# Do you have what it takes to be a Programmer?

40 replies**Quote:**

Wait, shouldn't the viruses increase by 160%?

That's viruses = viruses*2.6 or viruses = viruses + viruses * 1.6

That's viruses = viruses*2.6 or viruses = viruses + viruses * 1.6

vir_n = vir_(n-1)*1.6 - 50000

**Quote:**

This means, the virus count only doubles every 4th hour, meaning the check for (!(virusCount < 10^12)) will only return true on a 4th hour, which means the answer has to be either 108 hours if you don't include the initial "0 hour" or 104 if you do.

You are working under the presumption that viral growth is a discrete process. As the viruses are introduced to a population of cells within varying degrees of mitotic development, we have to assume that growth is continuous. Therefore, before 4 hours have elapsed, the population of the virus will still have grown.

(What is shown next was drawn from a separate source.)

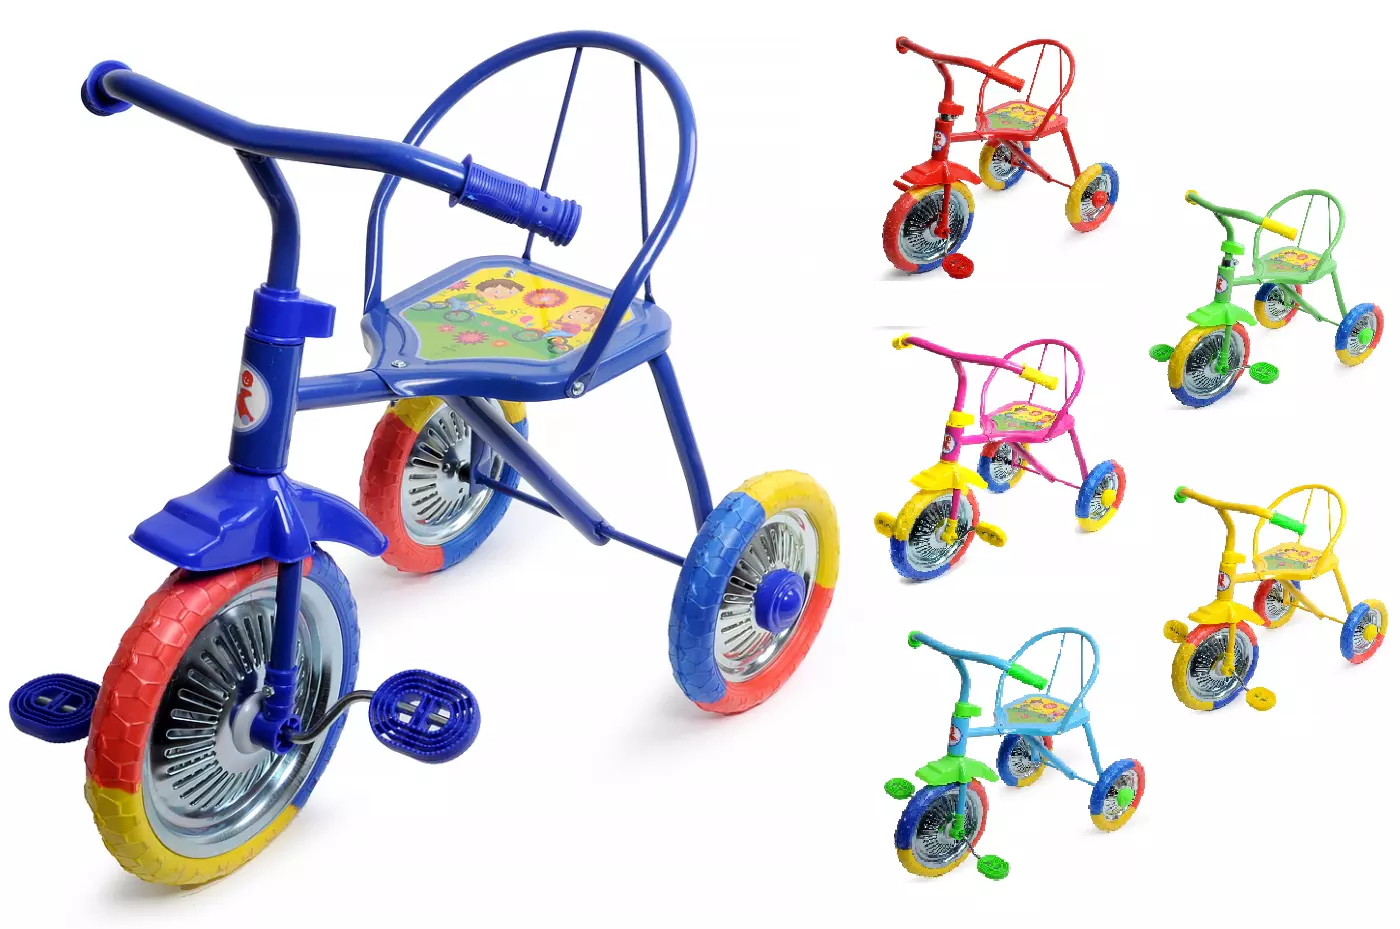 Какой велосипед купить ребенку в год. Велосипед трехколесный lh702. Велосипед 3-х озорной ветерок GV-b3-2mx цвета микс. Трехколесный велосипед PN-1010, Panterra, "гвоздик". Велосипед трёхколёсный детский lh702.

---------------------------------------------------------------

Now try to find the precise number of hours that it takes given the following criteria:

Instead of having 50,000 viruses eliminated every 4 hours, they are instead eliminated once every one hour. The rate of viral growth is still 1.6x every 4 hours. (Everything else are the same as the previous problem)

You can solve this either programatically or analytically.

edited 2×, last 10.02.10 03:25:30 am

**leegao has written:**

once every one hour.

does this mean 50,000 is removed every hour or 25% of 50,000 is removed every hour?

50,000 is removed every hour. However keep in mind of the continuous nature of the viral rate of growth.

growrate per year now is 1.6^(1/4).

btw, this is lua code.

answer: 122 hours.

check with the previous result, which was 120 hours.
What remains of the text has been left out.